Biden Pressures Senate Democrats to Endorse COVID-19 Relief | News on the coronavirus pandemic

U.S. President Joe Biden on Tuesday urged Senate Democrats to remain focused on passing a $ 1.9 trillion COVID-19 relief package currently on hold in Congress despite Republican opposition.

Biden spoke by virtual conference call with Senate Democrats at their weekly party meetings on Tuesday and spoke to a group of 10 Democratic senators on Monday.

Swift passage of the $ 1.9 trillion bill is Biden’s top priority as his new administration seeks to take control of the coronavirus pandemic in the United States and begin to turn around the US economy by difficulty.

“President Biden made his presentation today to our entire caucus and he said we need to pass this bill and pass it soon,” said Senate Majority Leader Chuck Schumer.

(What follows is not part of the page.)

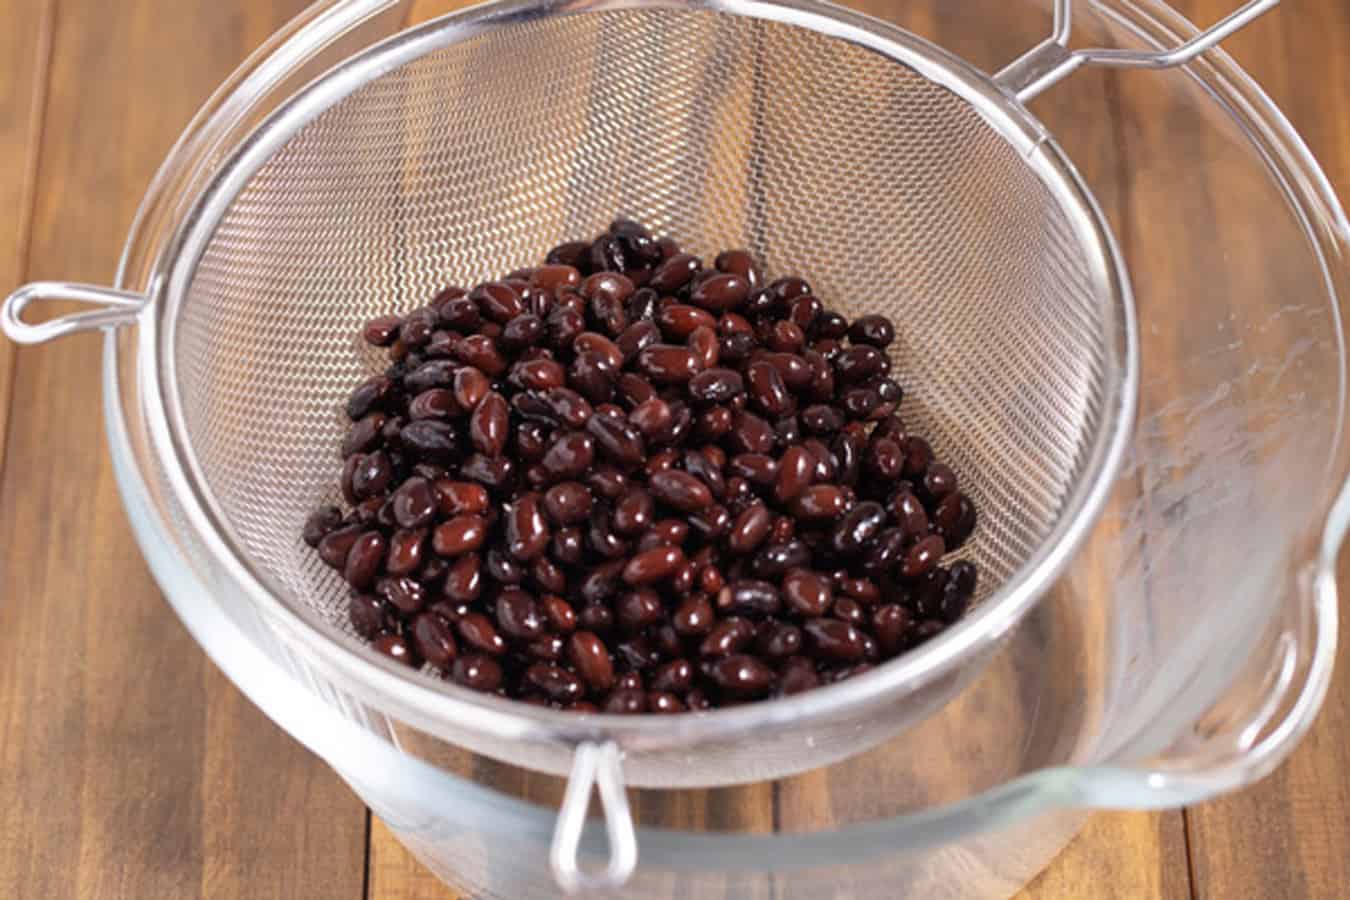 Draining black beans in colander.

“This is what the American people sent us here to do,” Schumer said.

Biden and Democratic leaders in Congress have set an ambitious timeline to get the president’s $ 1.9 trillion bill for his signature by March 14, and Schumer said the Senate is on track to meet that deadline. .

But Democratic senators, facing Republican opposition, must stand united amid disputes over unemployment benefits and minimum wage.

According to Senate Minority Leader Mitch McConnell, Republicans view the legislation as excessive and unnecessary as the United States moves towards recovery from the pandemic.

“It’s an extremely expensive proposition, largely unrelated to the problem,” McConnell told reporters on Capitol Hill Tuesday.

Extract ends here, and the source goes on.